# What is the best thing to do????



## TheRobber (Jun 16, 2012)

Two Months ago my wife said she wanted a separation. At that point I was shocked, I suggested we work it out. We did and for those two months things were just "ok" Not alot of affection but no arguments. Last week after a rough weekend she said we need to separate. We talked about it and she brought things up from 10 years past. By the way we have been married for 19 years and have two boys ages 15 and 11. She said she doesn't love me anymore. I suggested Consoling and she said it was too late. After much discussion I said I would leave but on the condition that we go to a consoler. At that point she agreed and we have an appointment set up for later this week.We have talked since then and I have had interaction with the kids. Yesterday I was at the house and we had a cookout. My wife and I discussed the issues and after talking to her, she wants this to work but her fear is that even after Being apart and consoling she will still feel the same. I have been doing a lot of reading into what is going on. I truly believe we have allowed our selves to fall out of love even though I know I still love her. So long story short, We are still cordial to each other, we are talking and texting with no problems and we are working with the kids through this. Tonight we are going to a school function together without problem. I have full access to our house, in fact, I'm here now to do a little maintenance and she was fine with that. I want to hold her and more then anything come back home.When I do hug her,when I leave she pulls away and gives me the friend hug. My overall question is; how should I interact with her during this time? When we first started dating I would always give her cards and candy and things. Do I continue to tell her I love her and go back to the days of early on or do I need to give her more space? I'm currently staying only a short distance away. My kids have contact with me anytime they want. Last week I had flowers delivered to her office and she seemed to like that, I wrote out a card with my feeling over the weekend and we talked about it. BUT....What should I be doing on the sidelines now to help this along?


----------



## spun (Jul 2, 2012)

TheRobber said:


> Two Months ago my wife said she wanted a separation. At that point I was shocked, I suggested we work it out. We did and for those two months things were just "ok" Not alot of affection but no arguments. Last week after a rough weekend she said we need to separate. We talked about it and she brought things up from 10 years past. By the way we have been married for 19 years and have two boys ages 15 and 11. She said she doesn't love me anymore. I suggested Consoling and she said it was too late. After much discussion I said I would leave but on the condition that we go to a consoler. At that point she agreed. We have talked since then and I have had interaction with the kids. Yesterday I was at the house and we had a cookout.
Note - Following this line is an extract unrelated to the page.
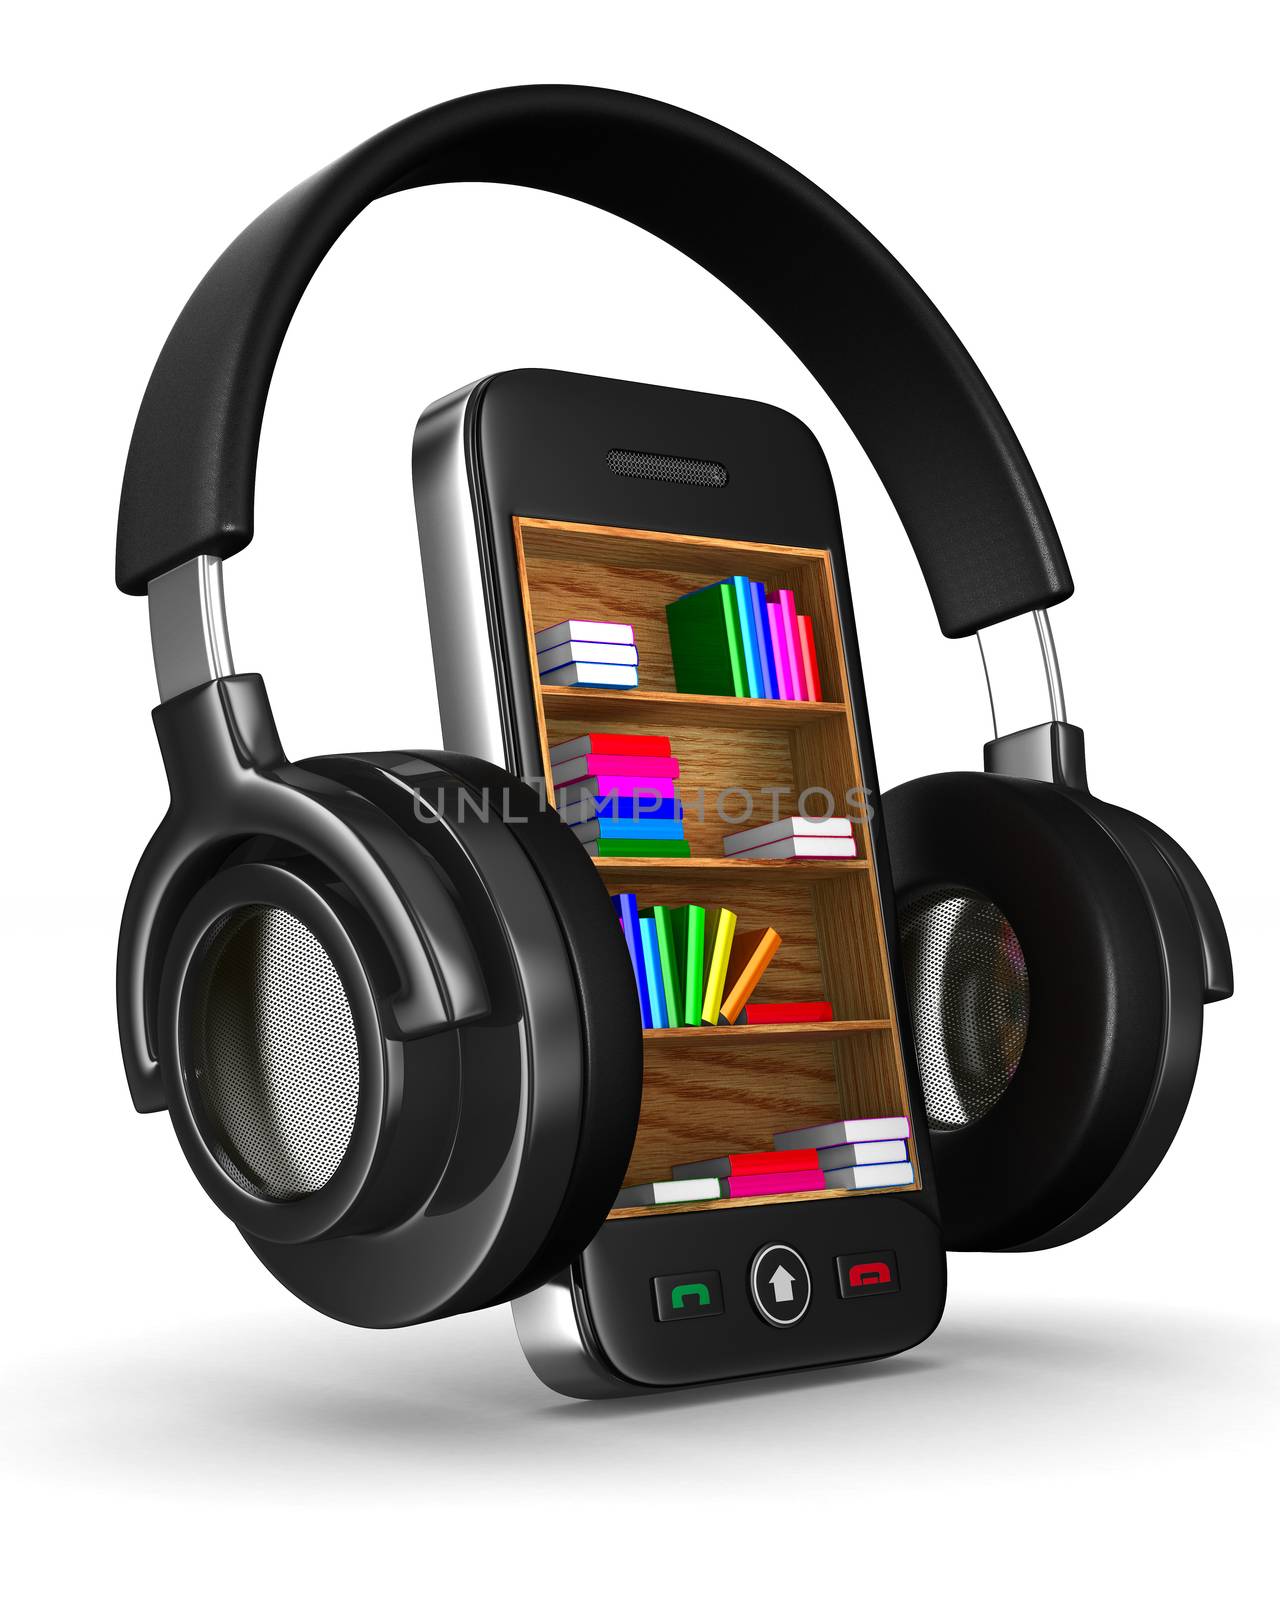 Audio books on white background. Isolated 3D image by ISerg

My wife and I discussed the issues and after talking to her, she wants this to work but her fear is that even after Being apart and consoling she will still feel the same. I have been doing a lot of reading into what is going on. I truly believe we have allowed our selves to fall out of love even though I certain we still love each other. So long story short, We are still cordial to each other, we are talking and texting with no problems and we are working with the kids through this. Tonight we are going to a school function together without problem. I have full access to our house, in fact, I'm here now to do a little maintenance and she was fine with that. I want to hold her and more then anything come back home.When I do hug here when I leave she pulls away and gives me the friend hug. My overall question is; how should I interact with her during this time?When we first started dating I would always give her cards and candy and things. Do I continue to tell her I love her or do I need to give her more space? I'm currently staying only a short distance away. My kids have contact with me anytime they want. Last week I had flowers delivered to her office and she seemed to like that, I wrote out a card with my feeling over the weekend and we talked about it. BUT....What should I be doing on the sidelines now to help this along?


Stop hugging her and telling you that you love her. Give her space. What you are doing now is pushing her away.

Do the 180 and work on yourself.


----------



## TheRobber (Jun 16, 2012)

where do I find information on the "180"?


----------



## spun (Jul 2, 2012)

TheRobber said:


> where do I find information on the "180"?


The Healing Heart: The 180


----------



## izzy123 (Aug 23, 2012)

spun said:


> Stop hugging her and telling you that you love her. Give her space. What you are doing now is pushing her away.
> 
> Do the 180 and work on yourself.


Sounds like sound advice. Also check out "Wife Wants Out" by Michelle W. Davis


----------



## wiigirl (Jun 14, 2012)

spun said:


> Stop hugging her and telling you that you love her. Give her space. What you are doing now is pushing her away.
> 
> Do the 180 and work on yourself.


:iagree:








_Posted via Mobile Device_


----------